OE2017

UTAO. Almofadas do Orçamento de 2017 ainda estão intactas

Ministro das Finanças, Mário Centeno. Fotografia: MÁRIO CRUZ/LUSA
Ministro das Finanças, Mário Centeno. Fotografia: MÁRIO CRUZ/LUSA

Unidade Técnica Orçamental vê desvios na execução dos impostos e da despesa, mas admite que ainda é cedo para extrapolar o ano 2017.

As almofadas de segurança da execução orçamental ainda estão intactas, informa a Unidade Técnica de Apoio Orçamental (UTAO).

Numa análise à execução orçamental em contabilidade pública até fevereiro de 2017, os assessores parlamentares destacam ainda “o decréscimo da receita fiscal” e “os aumentos das despesas com pessoal e das despesas com aquisição de bens e serviços” mais fortes que o orçamentado.

Segundo a UTAO, “a lei do OE2017 para a administração central inclui na componente outras
despesas correntes a dotação provisional (535 milhões de euros), bem como a reserva orçamental
(433,6 milhões de euros)”, o que dá um total de quase 969 milhões de euros em almofadas de segurança caso a despesa derrape.

Até agora, dizem os técnicos que apoiam o Parlamento, o governo de António Costa e Mário Centeno ainda não tocou nas rubricas, o que é normal nesta altura do ano.

Mas, recorde-se, todos os anos, na reta final de cada ano, os sucessivos governos acabam por consumir a totalidade das reservas orçamentais.

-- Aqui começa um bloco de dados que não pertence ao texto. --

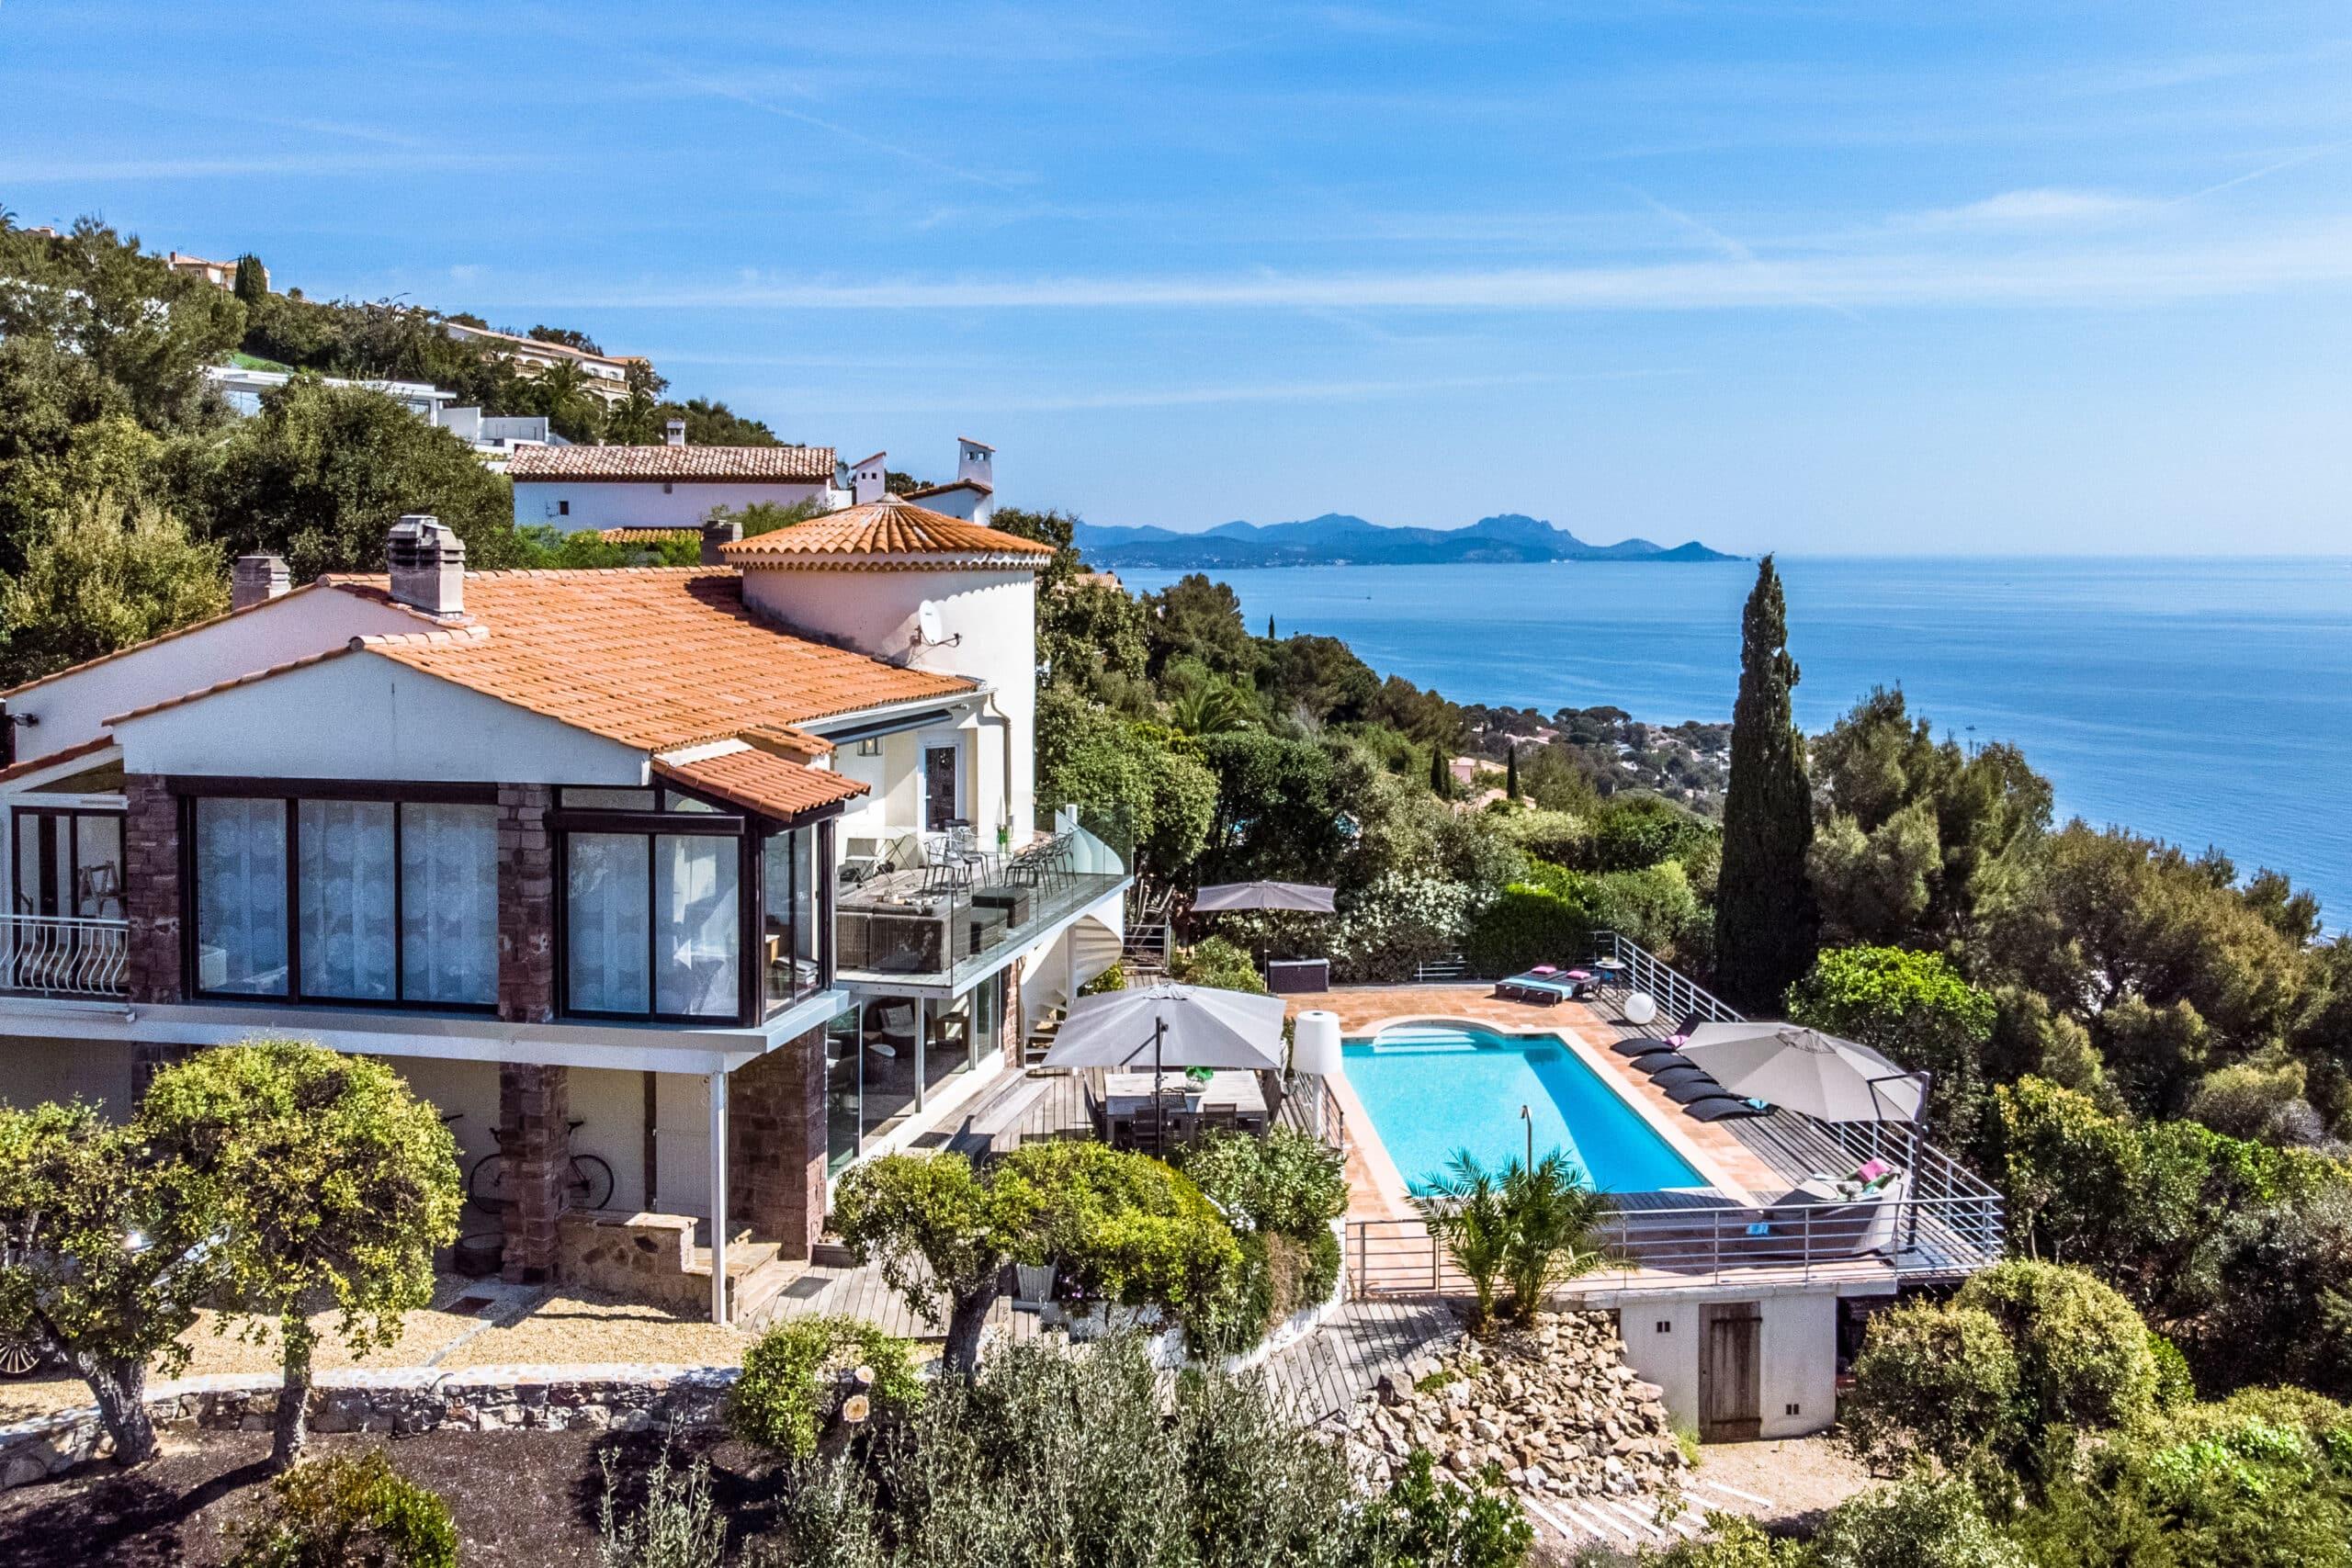 espritdusud - villa met zwembad en zeezicht - Les Issambres

O mesmo não será verdade em novembro e dezembro. Por exemplo, a principal almofada de segurança do Orçamento do Estado de 2016, a dotação provisional, foi integralmente gasta em dezembro, disse em janeiro a Unidade Técnica. Em novembro, a verba de 502 milhões de euros estava quase intacta.

Esta prática não é nova. Todos os governos, desde 2008, recorrem a este expediente no final do ano, como já noticiou o Dinheiro Vivo.

UTAO: desvios na execução mas ainda é cedo para extrapolar

O estudo da UTAO destaca ainda “o decréscimo da receita fiscal face ao período homólogo, contrastando com o aumento previsto no OE2017, e os aumentos das despesas com pessoal e das despesas com aquisição de bens e serviços, a um ritmo superior ao previsto para o total do ano”.

“Em contrapartida, as despesas de investimento e as transferências correntes e de capital apresentam graus de execução reduzidos.”

Assim, “nos primeiros dois meses de 2017, as administrações públicas apresentaram uma deterioração do saldo orçamental face ao período homólogo, contrastando com a melhoria prevista para o conjunto do ano”, mas a UTAO também concede que “decorridos apenas dois meses, a execução orçamental ainda não permite estabelecer extrapolações para o resultado anual”.